Chris would want him to do better than stew in his own anger.

On the other side of the couch, Ben held a wine glass between two fingers and talked a mile a minute. Phil, beside him, looked both long-suffering and amused.

“…and I try to follow along, I promise, but there are things I do not and will never understand about this game. Like, when you were in Chicago, right? That hit against Howie—whatshisface, the tall Russian guy?”

“Denisov is Tatar,” Dmitriyev said with a scowl. Whether Denisov caused his displeasure or he was moping about his lover, Luca could only guess.

“Sure.” Ben waved a hand. “I read four different Reddit threads about that hit, and no one could agree whether or not it was dirty. How is anyone supposed to know?”

“It was dirty,” Phil said. Luca and Tom agreed.

Mooney winced.

“You don’t think so?” Luca asked.

Mooney made a weighing motion with his hands. “Howie had his head down. If he’d seen it coming…”

“I did not have my head down!” Howie sat on the floor, leaning against the couch. Luca could see the glitter on his neck. “I was looking straight ahead, and he came from the side. I looked at the ice for a second—”

“Yeah, you looked down, bro!”

“Denisov had it out for him, not the puck,” Luca argued. “In the third period—”

“Yeah, but the hit wasn’t in the third period,” Mooney said smugly. His hand rested on Mara’s thigh, playing with her fingers.

Luca’s blood boiled. Anger at himself for wanting things he couldn’t have already heated him up; disappointment at giving them up and frustration with the whole situation compounded his irritation. An argument was precisely what he needed.

“My point exactly,” Ben interjected before Luca could start. “You guys are professionals, you’re on Howie’s team, and it’s still a matter of opinion. And the journalists on the sports beat make it worse. This is why I spent so long avoiding jobs where you stay in the same place.”

“Why?” Tom asked. Far from being insulted by his sport being maligned, he seemed amused.

Luca could grant it was funny to see buttoned-up, grumpy Coach Morris a little inebriated.

“American media has this weird insistence on always showing both sides of an issue.”

Frowning, Luca asked, “But that is good, no? Otherwise, you are reading propaganda.”

“It’s fine when both sides are legitimate, but American media isn’t interested in quality control.

Look at the hit on Howie! You’ve got sports broadcasters discussing whether Denisov should have gotten a major penalty or even a game misconduct.
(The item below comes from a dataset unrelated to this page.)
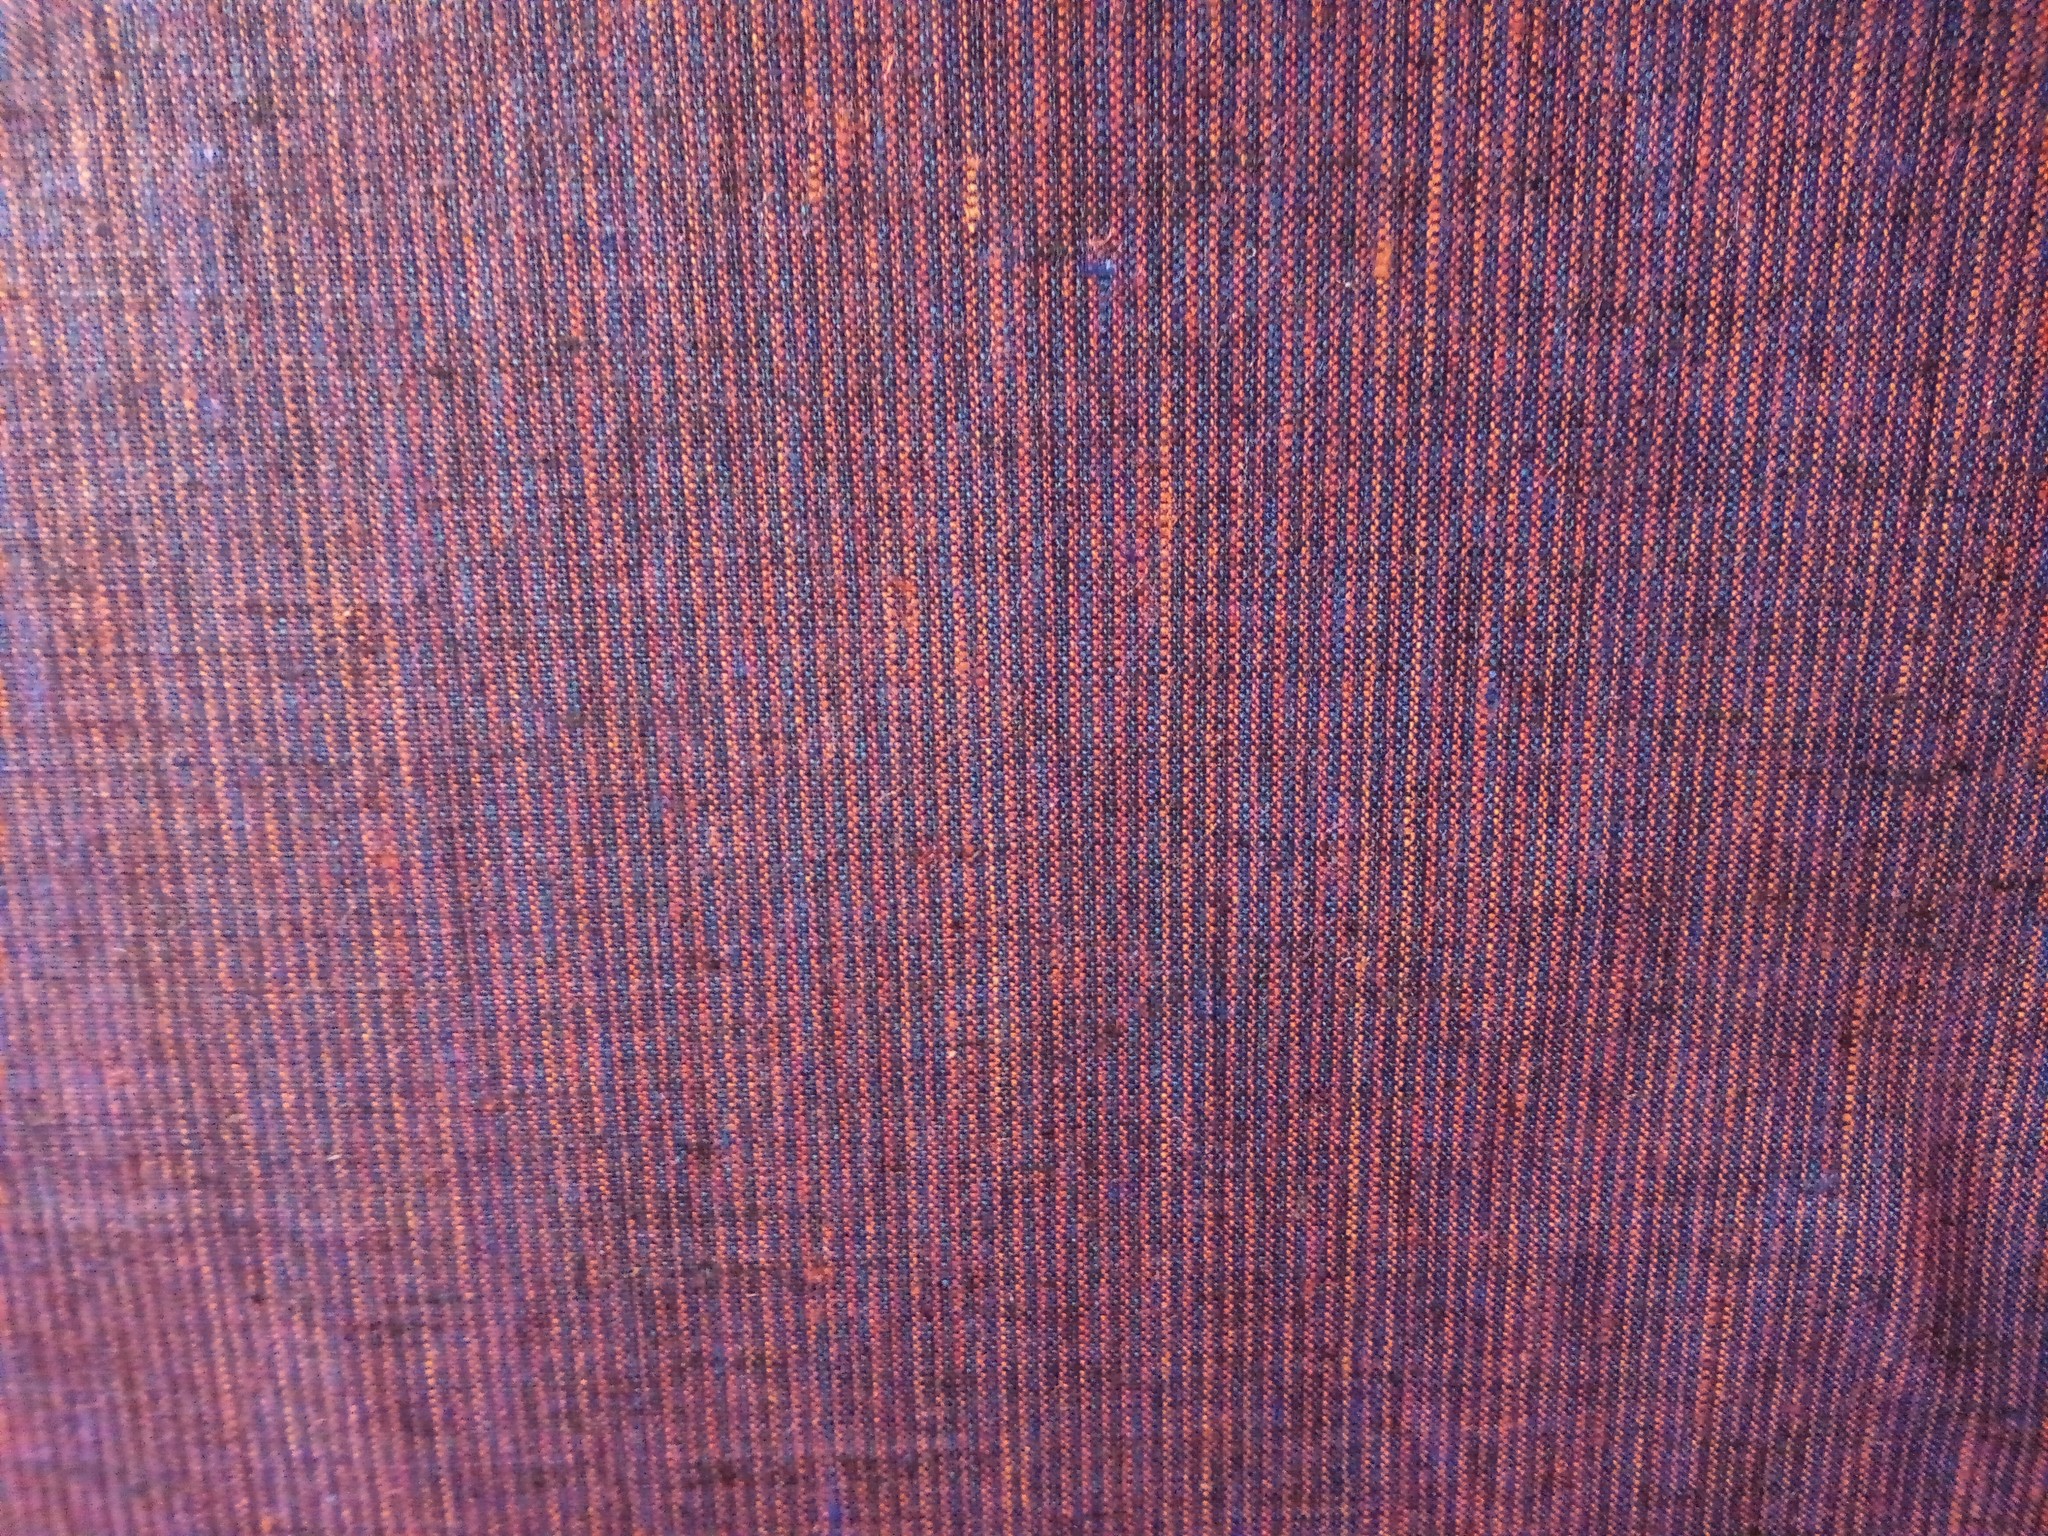 Rood en blauw gestreepte linnen stof

But then they also have to hear from some old guy in Muskoka who thinks hockey is a sport for real men, and back in his day, everyone could take their hits and like it. ”
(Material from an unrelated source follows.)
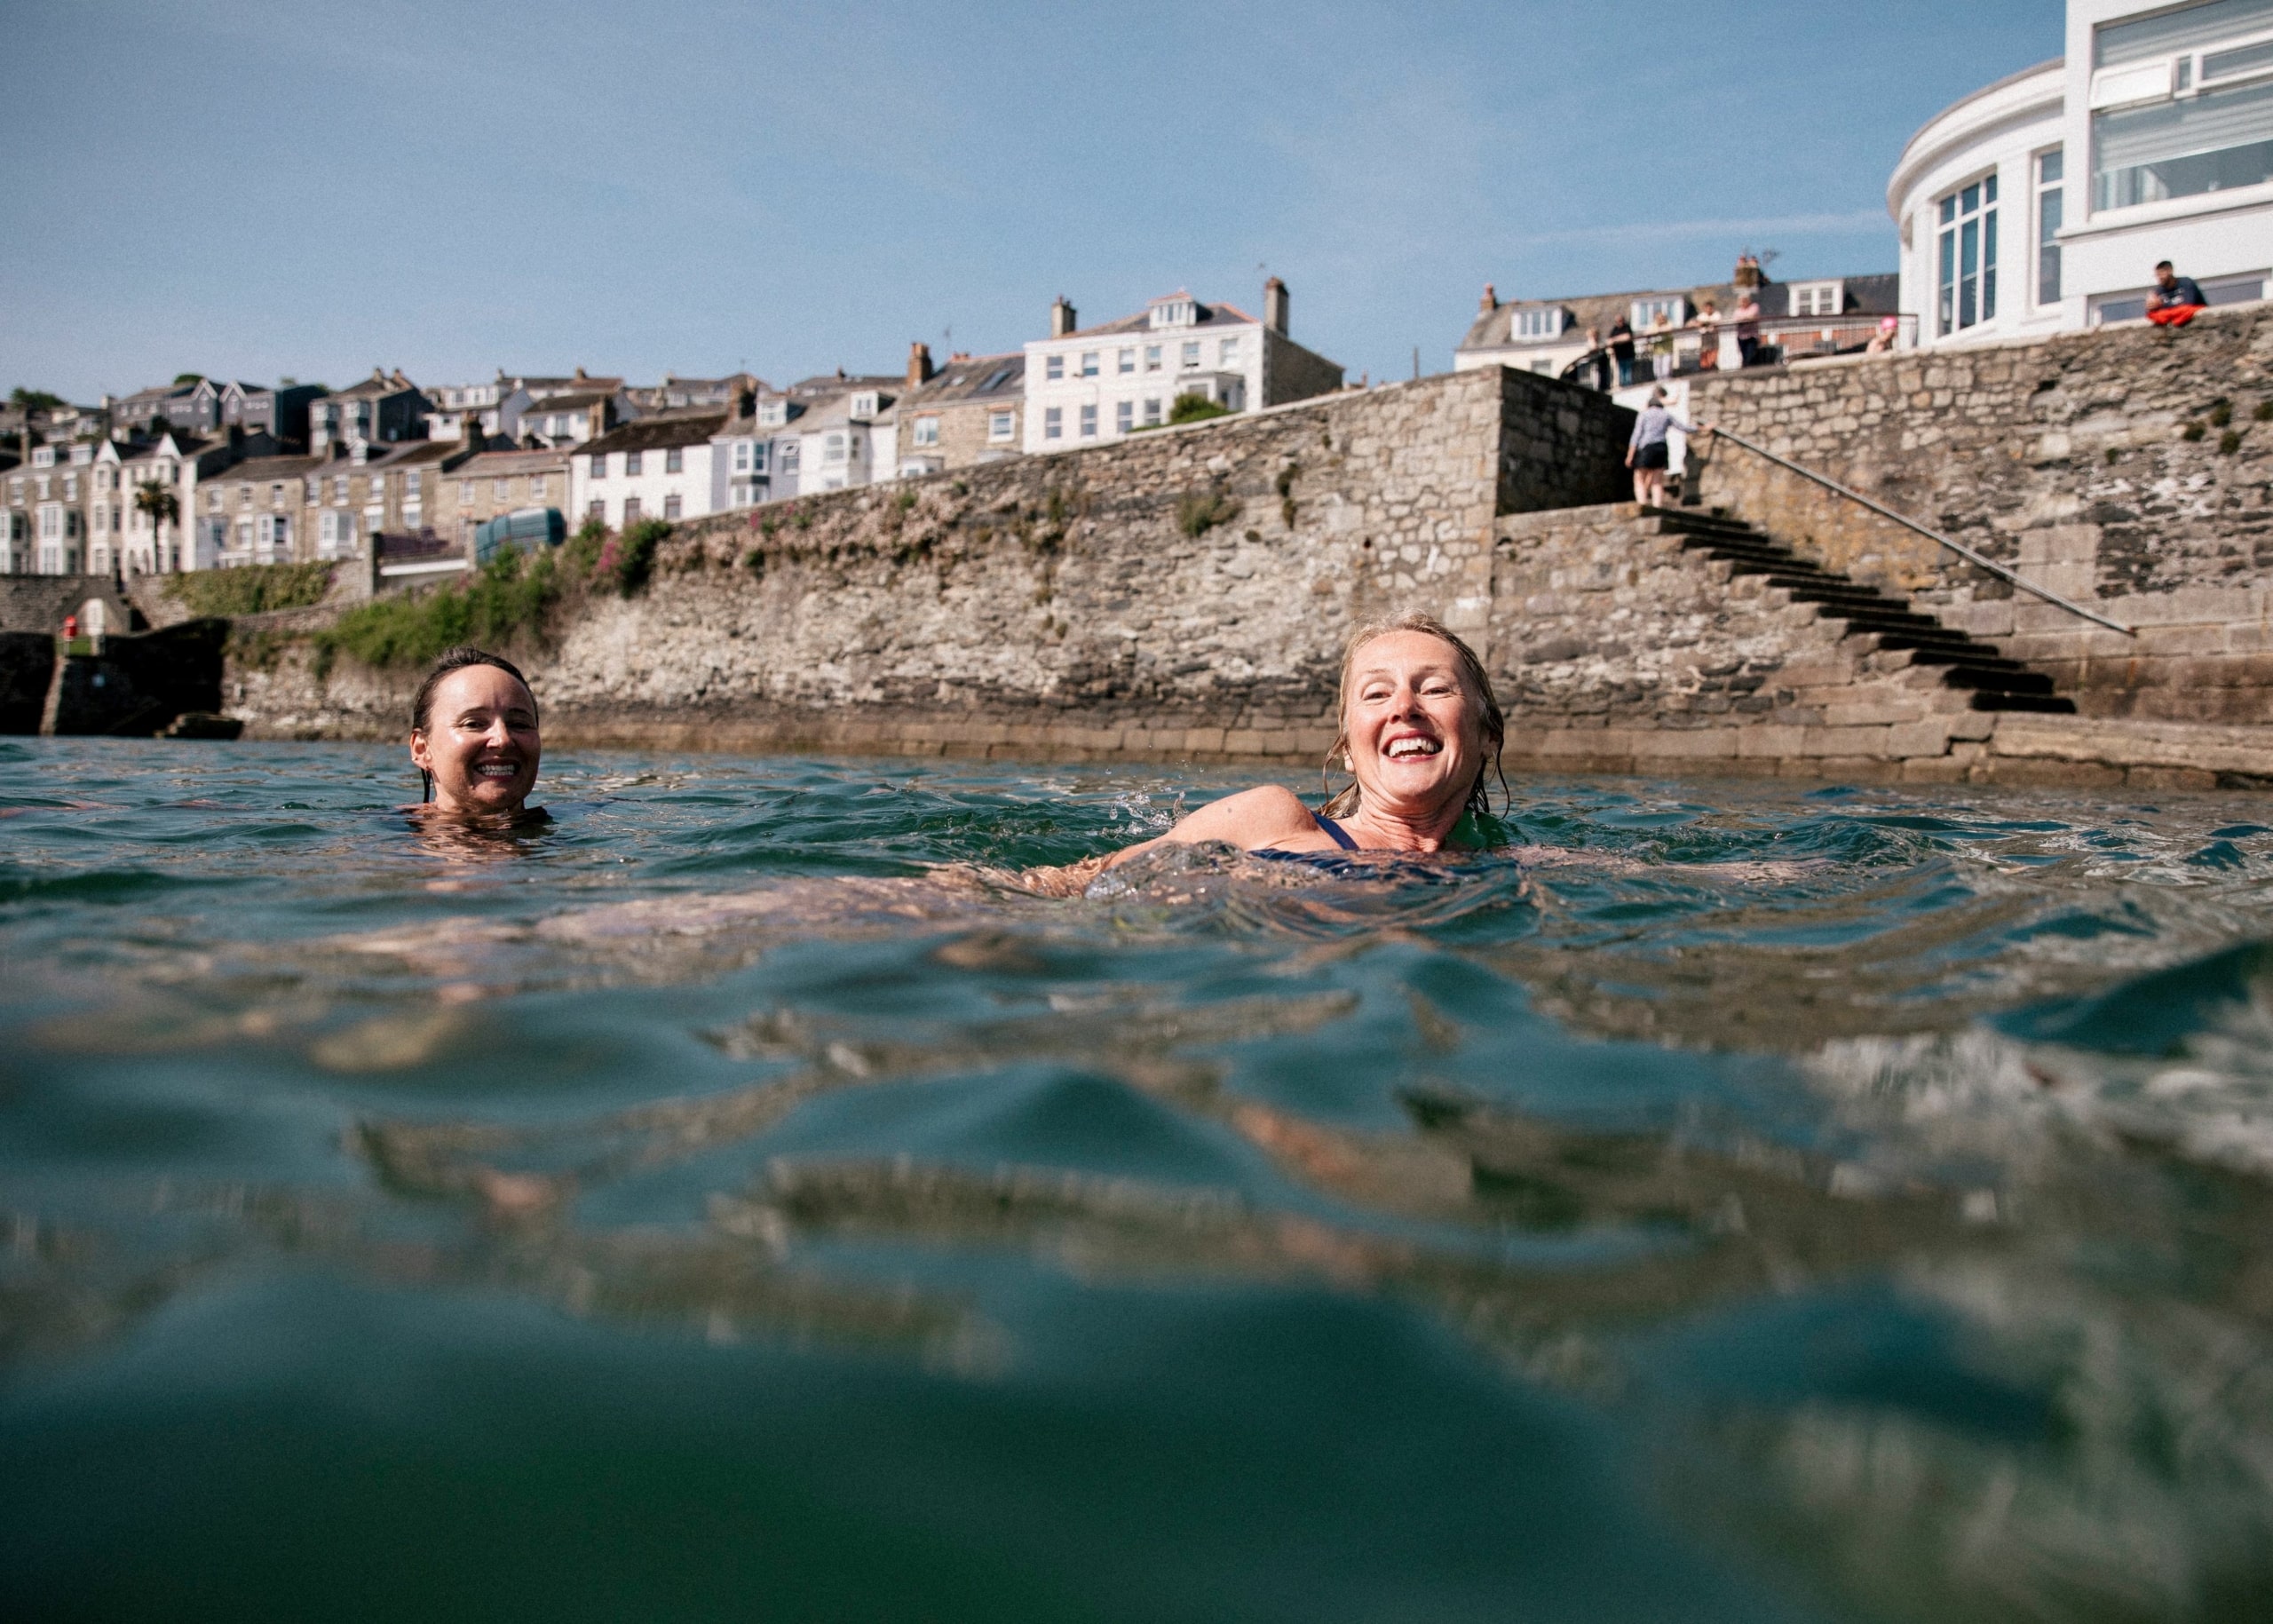 Cornish-summer-getaway-swimming

Luca snorted around his sip of the gin and tonic Howie had pressed into his hands. It wasn’t an inaccurate picture of sports media.
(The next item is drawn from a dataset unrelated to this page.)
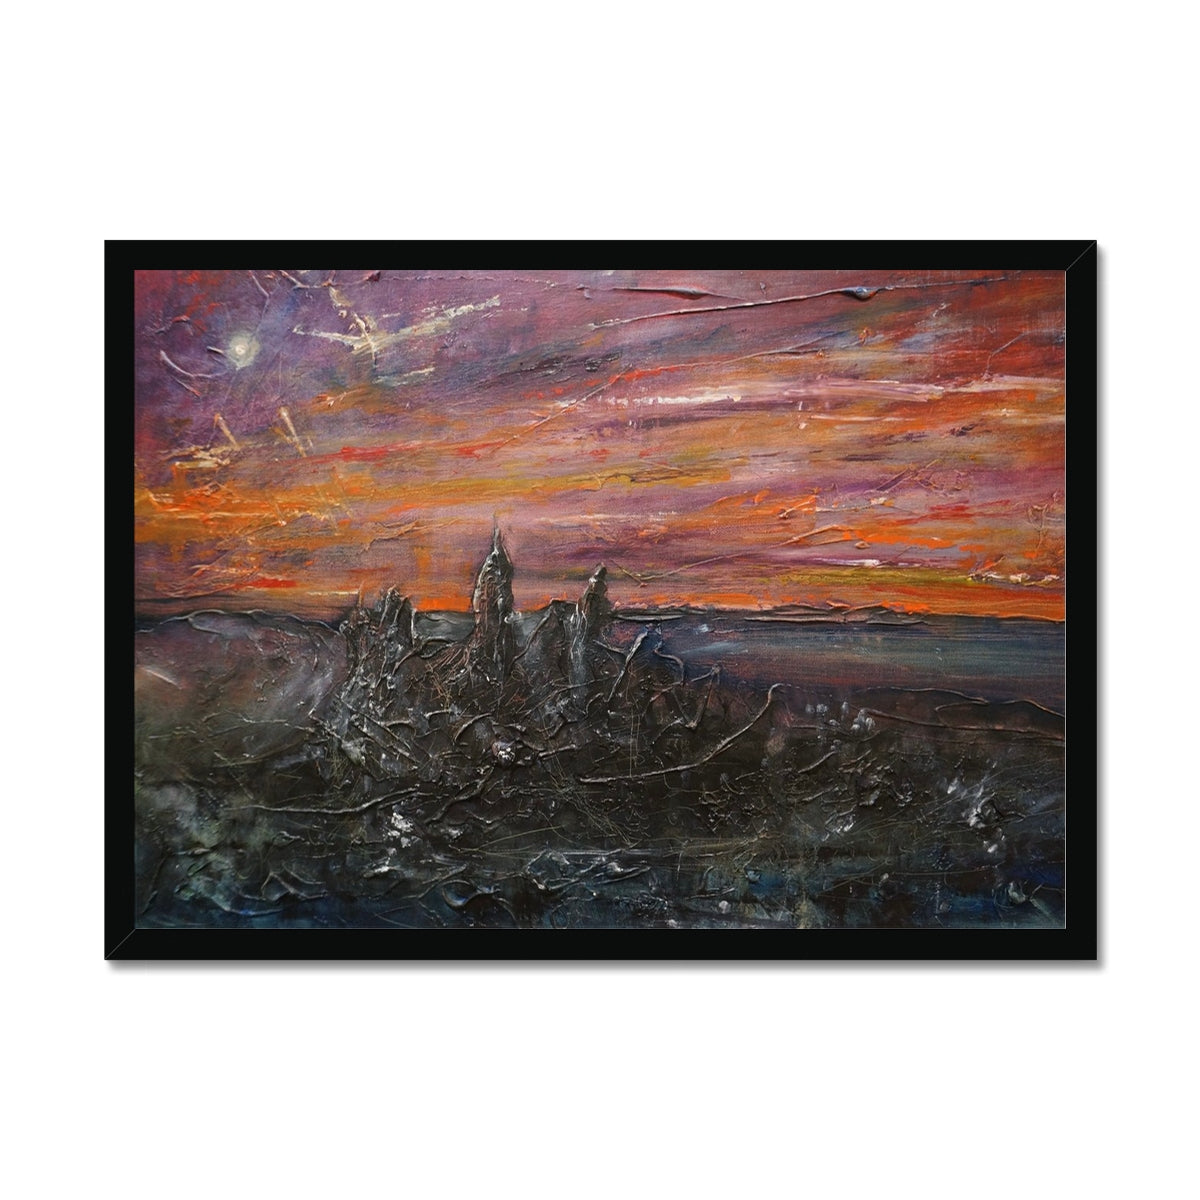 Storr Moonlight Skye Painting | Framed Prints From Scotland-Framed Prints-Skye Art Gallery-A2 Landscape-Black Frame-Paintings, Prints, Homeware, Art Gifts From Scotland By Scottish Artist Kevin Hunter

“Watch it,” Howie said mildly. “The old guy in Muskoka is my grampa.”

Heedless of the interruption, Ben took another big gulp from his wine glass, after which Phil pried it out of his hand.

“And that’s sports! It’s so much worse in politics!

It’s like, here, let’s get an opinion from this one old white guy who thinks maybe it’s okay for gay people to have equal rights as long he doesn’t have to talk to any.

But our news segment is not complete without also hearing from Arty McFartface, octogenarian owner of a private gun range in Florida, who thinks all gay people have AIDS, and women shouldn’t have the right to vote. ”

Beside Luca, Mara shook with poorly suppressed laughter, and he had to admit to being amused as well, some of his grouchiness dissipating.

“Okay,” Phil said. “I mean, you’re not wrong, but maybe go easy on the wine, babe. No one here disagrees with you. Except about the hit on Howie, maybe.”

From the corner of his eye, Luca spotted Hayes looking up from his phone and mouthing, Babe?

Luca’s entire body clenched up.

He was not ready for this team fight. He’d barely come around to the idea that he ought to make an effort to get along with the team.

If Hayes continued to be a bigoted shithead, Luca wouldn’t be able to keep it up, not when he now knew that he had to stop suppressing half his identity and pretending it was enough.

How could he get along with the team when the team wouldn’t get along with him?

No wonder Chris worried so much about fights.

Thankfully, or perhaps not thankfully, Howie chose that moment to say, “Lighten up, man. The media might suck here, but at least we’re not in Russia.”